For Bombay, however, Naik did very well and in the Ranji Trophy he scored 2687 runs (40.10) with a highest score of 200 not out against Baroda in 1973–74. But perhaps Naik's biggest distinction was that he led Bombay to an unexpected Ranji Trophy triumph in 1970–71. It was a badly depleted side with the stars being away with the Indian team in the West Indies. But Naik making adroit use of the limited resources proved himself to be an astute captain.

He has a much extensive and impressive career in the domestic Indian cricket in varied capacities of cricketer, coach and ground-curator.

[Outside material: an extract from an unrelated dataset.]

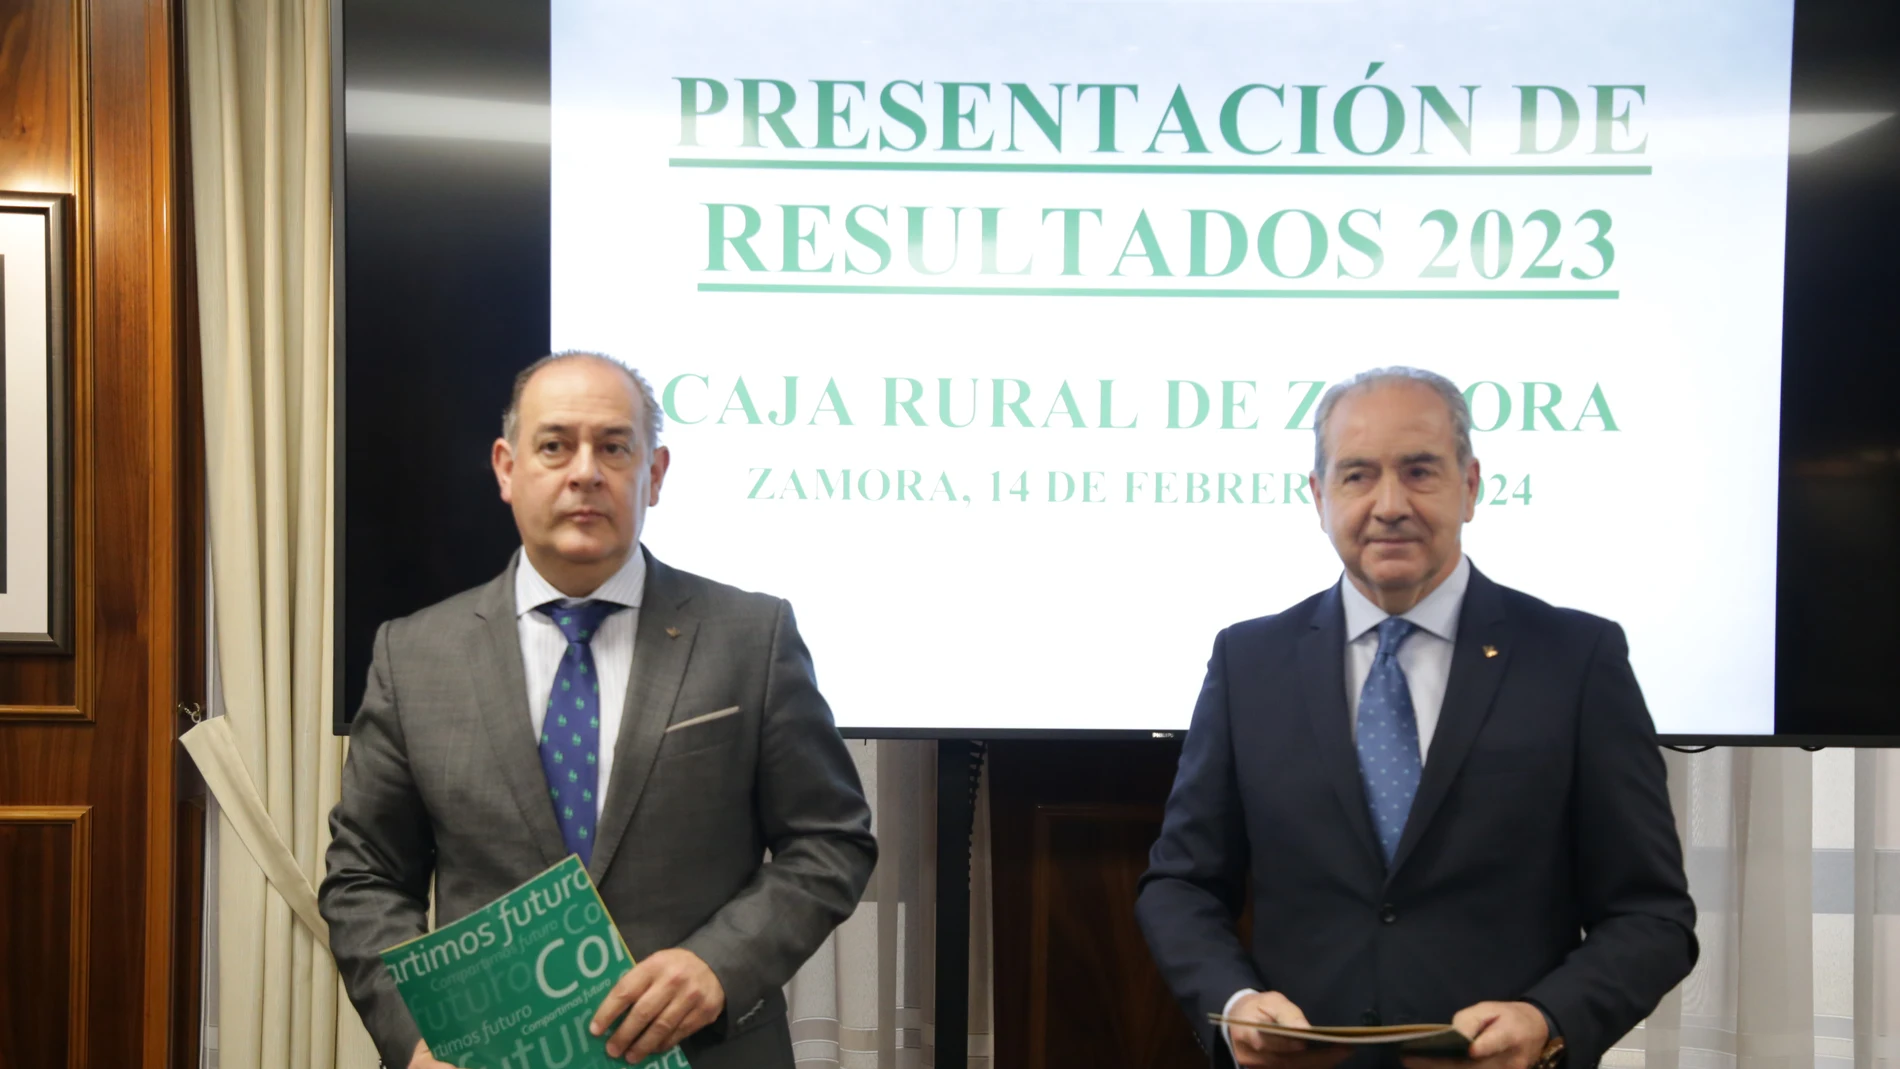 El presidente de Caja Rural de Zamora, Nicanor Santos, y el director general, Cipriano García,presenta el balance y cuenta de pérdidas y ganancias de la entidad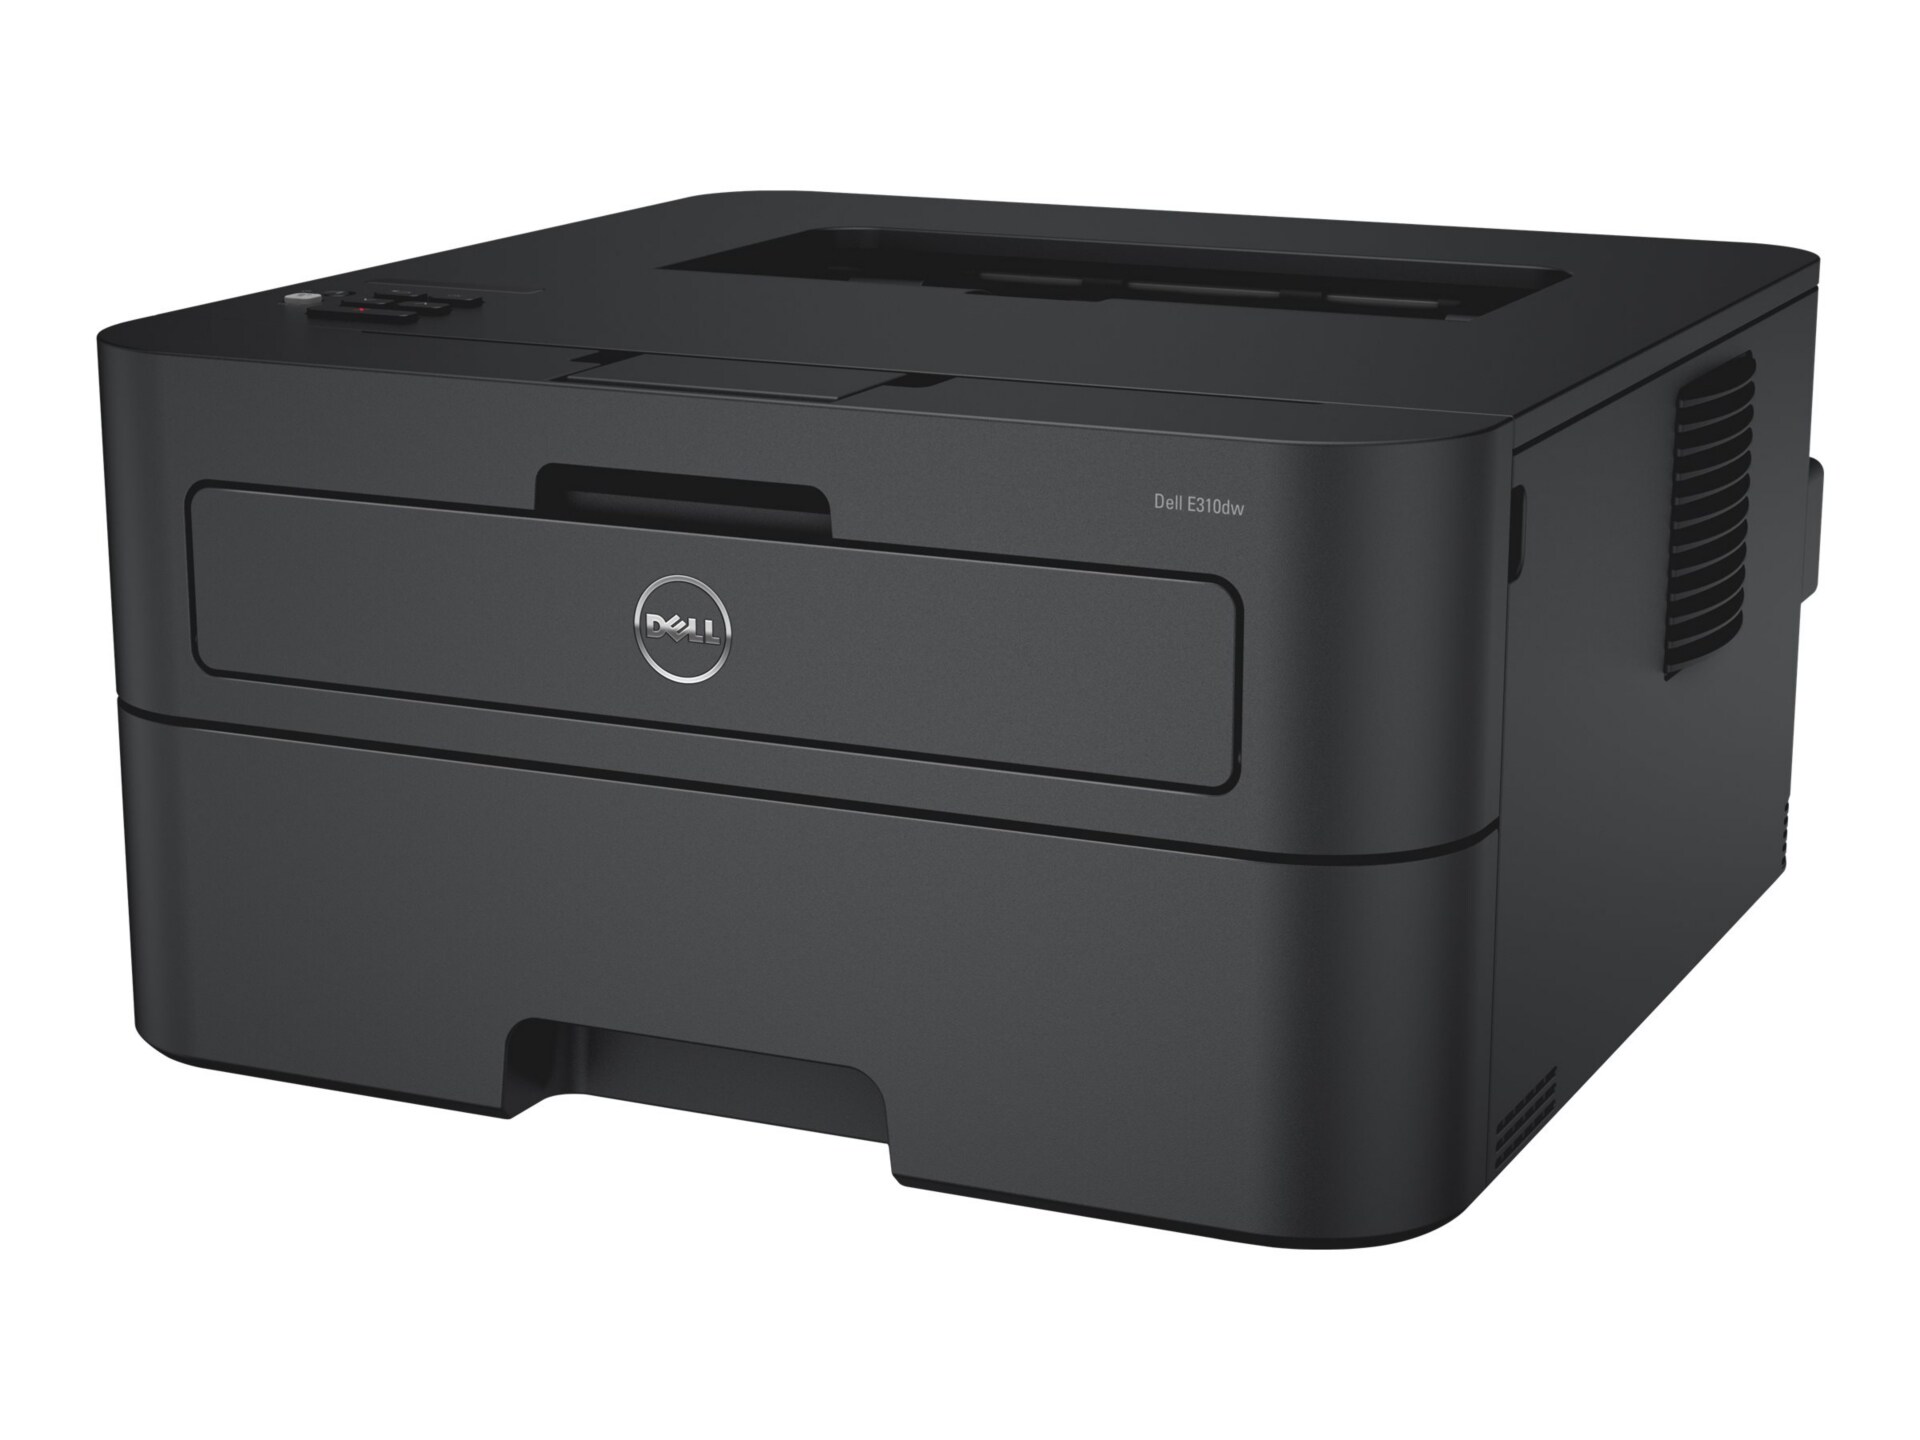 Dell E310dw - printer - monochrome - laser

He started his career by playing for Bombay University and later went on to captain the Tata Oil Mills team where he was an employee. He is a rare combination of a cricketer and an organic chemist with first class in MSc in Organic Chemistry from Ruparel College in Bombay.

Beside playing for India, he also captained Bombay in the Ranji Trophy for several years. He remains active in the game as the coach at his own National Cricket Club, Mumbai which has produced star cricketers for India like Zaheer Khan and Wasim Jaffer and many like Rajesh Pawar, Raju Sutar and Paras Mhambrey who are past and present players for Mumbai.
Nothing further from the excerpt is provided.